Posted on March 26, 2004:

Senator Dyson The Ehrlich administration is supporting a great program that I wholeheartedly support.

House Bill 165, better known as the Community Legacy Program -- Neighborhood Intervention Projects -- is vital for redeveloping blighted properties in local jurisdictions.

This worthwhile piece of legislation “redefines a community legacy project to allow financial assistance for a neighborhood intervention project and for a redevelopment-ready project,” according to the bill’s fiscal note produced by the non-partisan Department of Legislative Services.

Financial assistance for this program may include grants, loans, reduced principal or interest on a loan or credit enhancements.

House Bill 165, which is currently before my Senate Committee, the Education, Health and Environmental Affairs Committee, would also expand the type of recipients and projects eligible for funding to include local governments for demolishing property for revitalization, redevelopment, or reuse as part of a redevelopment plan, according to the fiscal note. The bill includes all of Maryland’s 23 counties as well as Baltimore City.
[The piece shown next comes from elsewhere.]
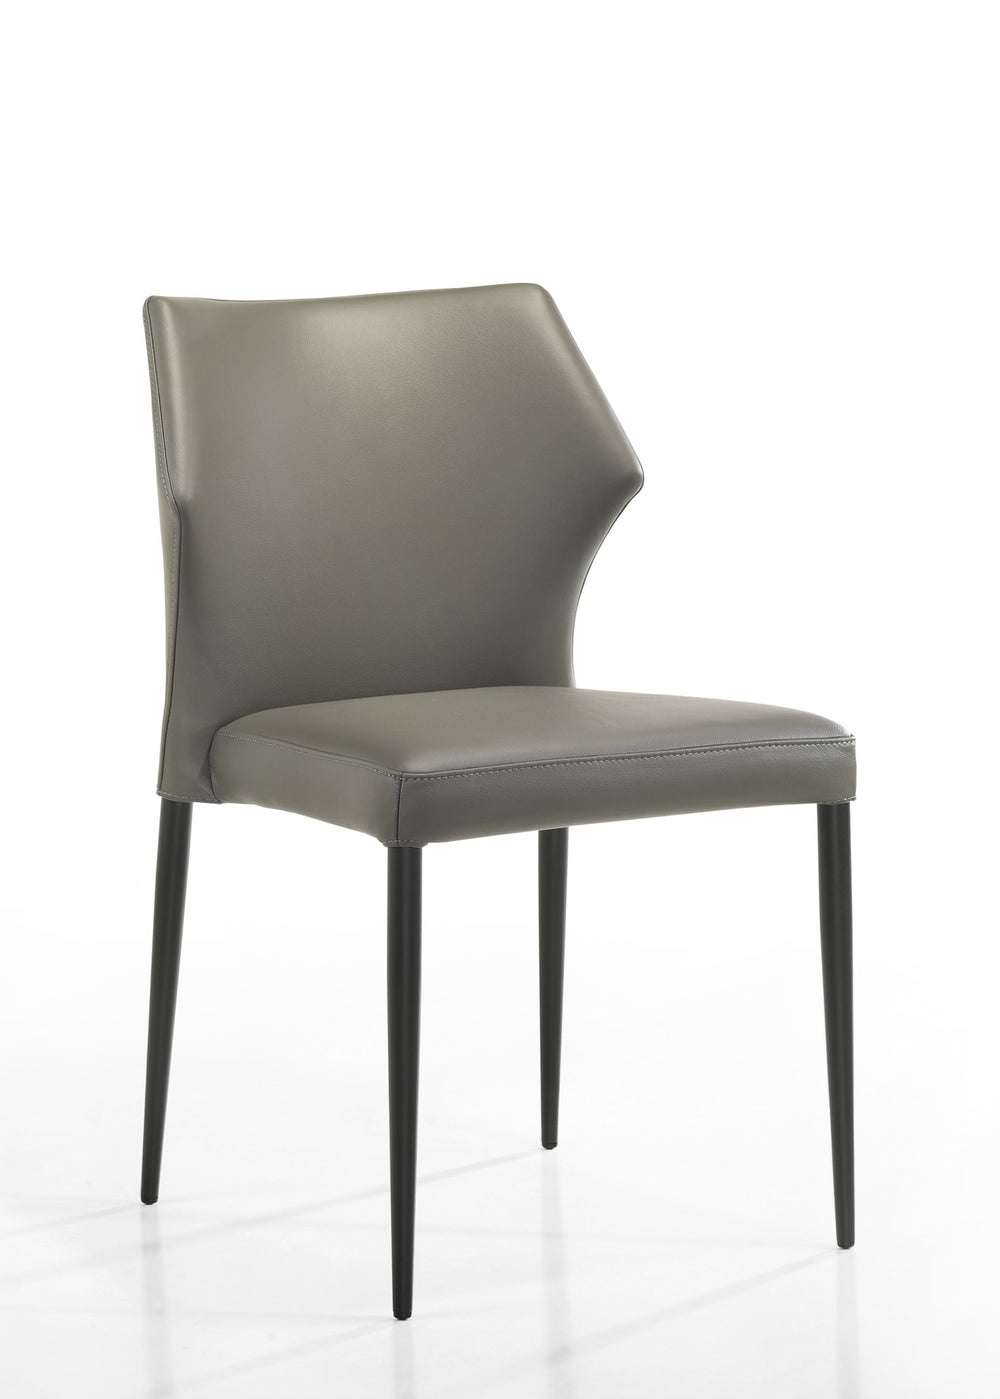 Luke Soft Leather chair sold in set of two - Atmosphere Interiors

One of the projects listed in this Community Legacy Program Neighborhood Intervention Projects packet prepared by the Maryland Department of Housing and Community Development is the beleaguered Lexington Manor in Lexington Park. It calls for $2.2 million to go towards the demolition of Lexington Manor which is crucial to getting better housing for the residents of the deteriorating neighborhood known as “the Flatops” as well as clearing out a desolate place in Lexington Park that will no doubt be helpful during the 2005 BRAC process. The Navy is currently looking at a 20-year project for its aviation program. Demolition of Lexington Manor will substantially reduce encroachment in the Air Installation Compatible Use Zone and beyond. It will allow further air space flexibility that fits into the Navy’s 20-year plan.

By ridding the Pax River airspace of the “Flattops,” the Navy won’t have to worry about experimental aircraft falling on houses or residents complaining about noise.

The Community Legacy Program project revealed “broad needs across the state. The problem is not one of only urban center, rural area or suburban communities. It reaches through every region of the state,” according to the Maryland Department of Housing report.

The report states that 14 counties and Baltimore City listed properties similar to the “Flatops” totaling 213 with demolition costs estimated at $14.7 million. This figure may seem like a lot at first glance, but in a few years, we will look back realize it was actually a major investment because it will revitalize communities that have languished for years. The Maryland Department of Housing has testified that it “will encourage homeownership, increase employment, reduce crime and improve the neighborhood environment.”

The administration has made a good decision to invest in neighborhoods that have been neglected for too long and now will be beacons when they were once blight.